Beneath the lining of MCNs lies a band of ovarian tissue. Many authorities have restricted the very definition of MCNs to include only those cystic mucinous tumors that contain ovarian stroma[2]. The role of the ovarian tissue in the pathogenesis is not known. However, when this definition is used, MCN’s are rarely found in males.

IPMNs are similar to MCNs in that they are cystic tumors that secrete mucin into the cystic cavities. However, IPMNs are characterized by a unique papillary epithelium and arise from the ductal epithelium. The presence of a papillary neoplasm infiltrating the ductal lining causes the pancreatic duct to dilate. The presence of the tumor itself is a cause of duct dilation, as well as the obstruction induced by the papillary fronds and mucus globules. Mucin production may be so excessive that mucin may be spontaneously extruded through the pancreatic sphincter and out of the ampulla. The degree of dysplasia exhibited by the epithelium may range from mild to moderate to severe (carcinoma in situ), and the foci of early malignancy may be evident by the presence of mural nodules[16]. The solid malignancies that arise from IPMN are more likely to have papillary features, as compared to typical pancreatic malignancies that arise from the main pancreatic duct.

CLINICAL PRESENTATIONS

Most patients with a pancreatic cystic lesion have non-specific symptoms[22]. The cystic lesion is usually found with CT or US imaging performed for the evaluation of another condition. When symptoms are present, the most common presentation is recurrent abdominal pain, nausea, and vomiting as result of mild pancreatitis[17]. Cystic lesions that cause duct compression or involvement of the main pancreatic duct are prone to cause pancreatitis. Chronic abdominal pain and jaundice are a rare presentation of a cystic lesion and suggests a malignancy or a pseudocyst. Patients with a cystic malignancy will present with symptoms and signs similar to pancreatic cancer, i.e. pain, weight loss, and jaundice[18]. Pseudocysts may arise after an episode of acute pancreatitis or insidiously in the setting of chronic pancreatitis and are associated with chronic abdominal pain. It is common for cystic lesions associated with pancreatitis to be diagnosed as pseudocysts and be confused with cystic neoplasms that also cause pancreatitis.

DIFFERENTIAL DIAGNOSIS

The differential diagnosis of a cystic lesion of pancreas is very wide and often causes confusion. Since the treatment of a pseudocyst and cystic neoplasm are so different, it is incumbent on the clinician to first differentiate between these major categories of lesions.
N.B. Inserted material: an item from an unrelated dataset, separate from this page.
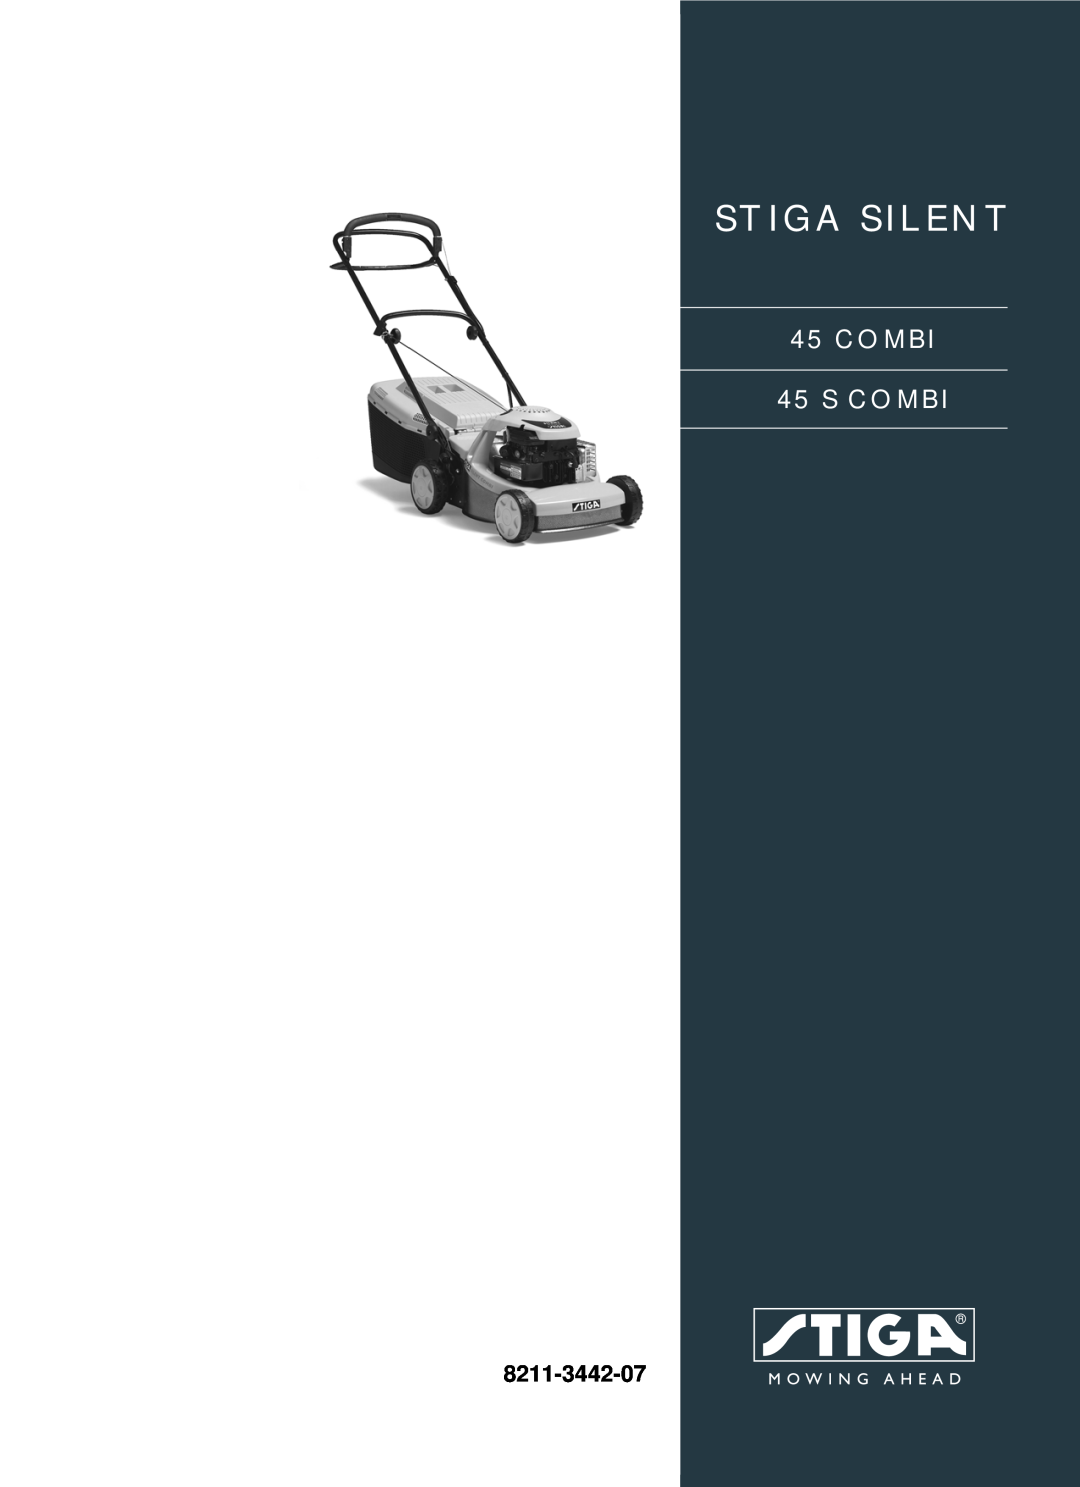 Stiga 45 COMBI manual Stiga Silent, COMBI 45 S COMBI, 8211-3442-07

Although it is unusual for a patient with a pseudocyst to present without preceding symptoms, it may occur in mild chronic pancreatitis. Evidence of inflammatory changes or calcifications in the pancreas is suggestive of a pancreatic pseudocyst. However, in the initial setting of mild pancreatitis it may be difficult to differentiate between a cystic neoplasm that has caused pancreatitis and a small pseudocyst that has formed as a result of pancreatitis. If a cystic lesion has been present for many years, it is highly likely that the lesion represents a cystic neoplasm. Congenital cysts of the pancreas are rare[19].

DIAGNOSIS WITH CROSS SECTIONAL IMAGING

CT is an excellent test for cystic lesions of the pancreas because of its widespread availability and ability to detect cysts[4]. MR imaging is used increasingly because of its ability to determine if there is involvement of the main pancreatic duct[20]. Both imaging modalities offer diagnostic strengths.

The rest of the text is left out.